P24 antigen detection, viral isolation, DNA-PCR and in vitro antibody production for the diagnosis of HIV-1 latent infection in heterosexual women at high risk for HIV-1 infection.

  1. M Di Stefano,
  2. J R Fiore,
  3. M Chironna,
  4. G Buccoliero,
  5. C Romanelli,
  6. L La Grasta,
  7. M Quarto,
  8. G Angarano,
  9. G Pastore
  1. Clinic of Infectious Diseases, University of Bari, Italy.

      Abstract

      INTRODUCTION--The report of the existence of at-risk seronegative subjects, latently infected with HIV-1 and producing "in vitro" HIV-1 specific antibodies, prompted the authors to evaluate extensively twenty-five heterosexual HIV-1 seronegative women at high risk for HIV-1 infection.

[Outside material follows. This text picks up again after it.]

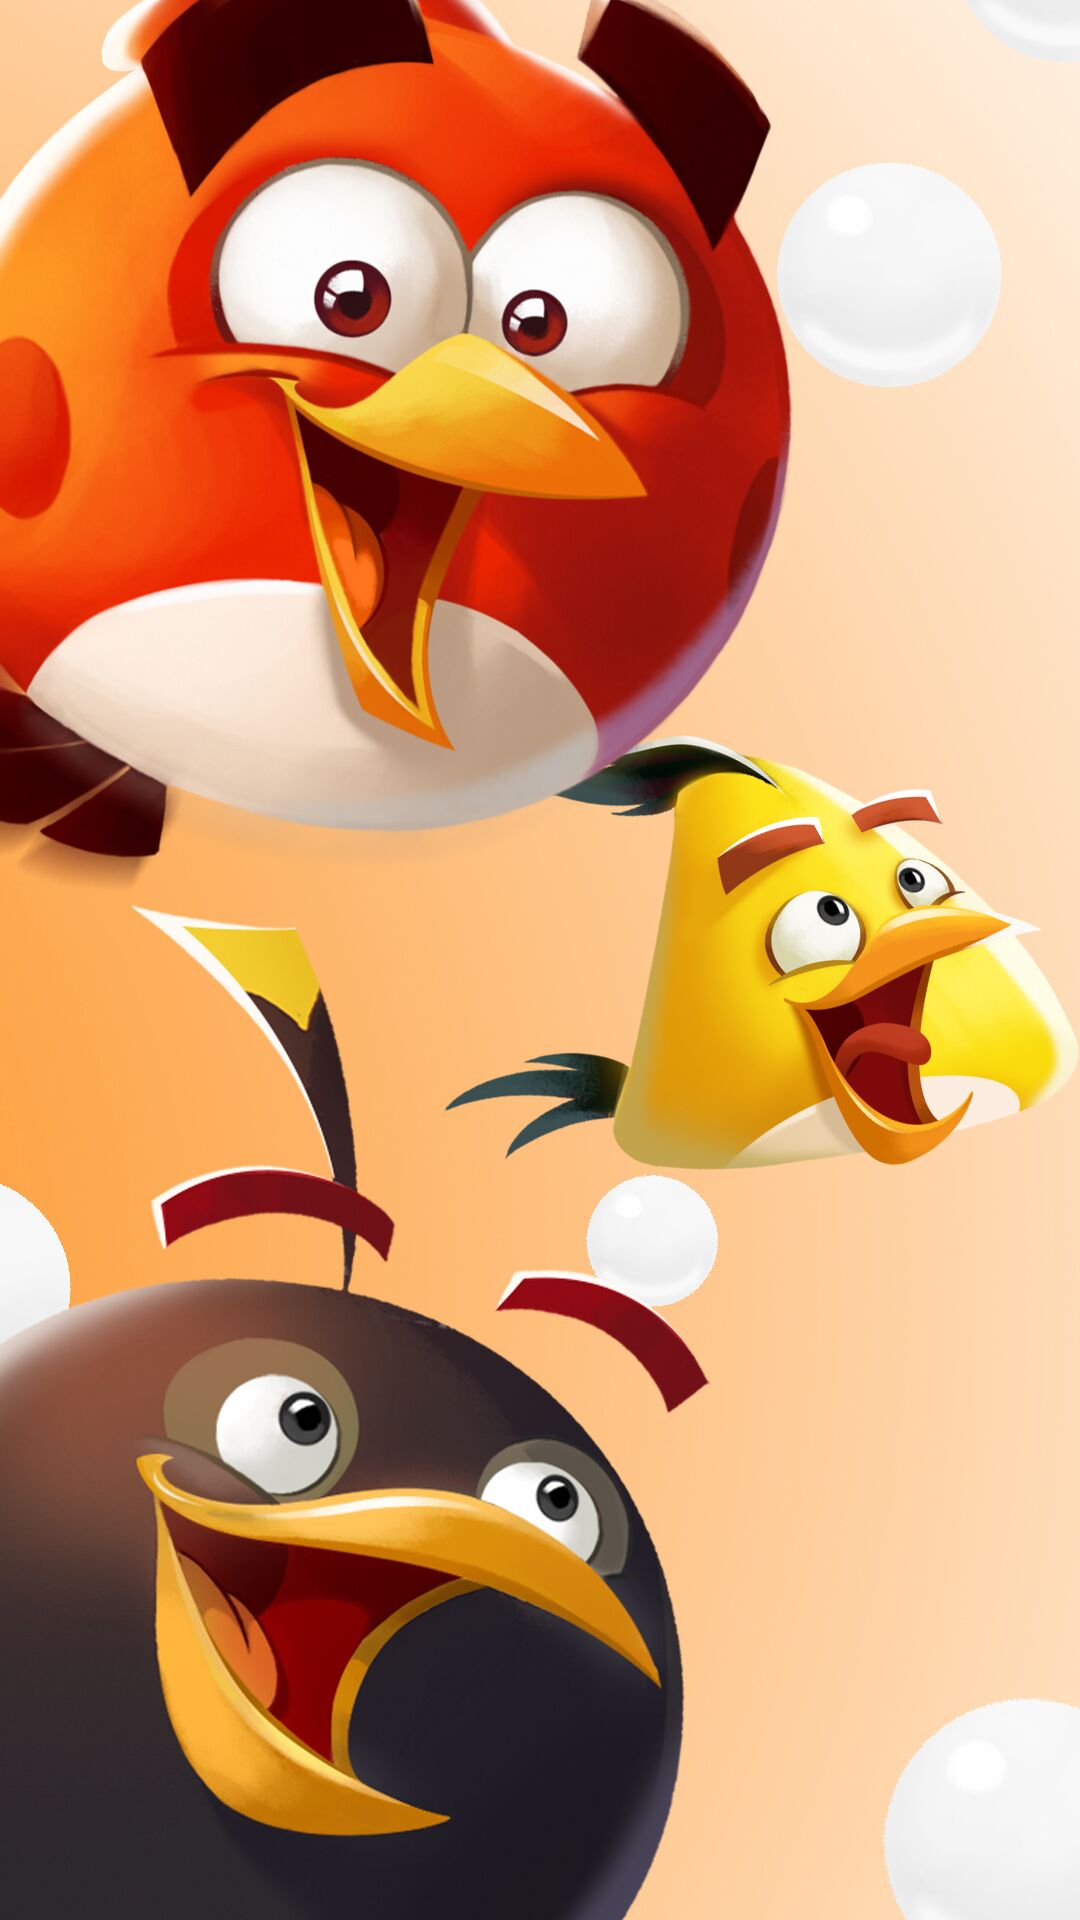 Angry Birds winter phone wallpaper for holidays

MATERIAL AND METHODS--The capability of peripheral blood mononuclear cells from such subjects to produce "in vitro" HIV-1 specific antibodies after pokeweed-mitogen stimulation, was studied. Silent HIV-1 infection was investigated by HIV-1 DNA PCR, viral isolation and serum p24 Ag detection at entry and after 6 and 12 months. RESULTS--Three seroconversions took place within 12 months, but no HIV-1 infections were found in the absence of detectable serum anti HIV-1 antibodies, even in subjects who apparently produced such antibodies in vitro. The antibodies produced in vitro by the seronegative women studied appeared of narrow specificity, reacting mainly with gp 160/120 envelope glycoproteins. CONCLUSIONS--A strong concordance was found between the serological status and the other markers for HIV-1 infection, suggesting that the phenomenon of HIV-1 "latent infection" is a very rare event, if it occurs at all. Seronegative women sexually exposed to the virus may produce in vitro anti HIV-1 antibodies of narrow specificity in the absence of other signs of infection and this phenomenon might be related to an anamnestic response to the virus.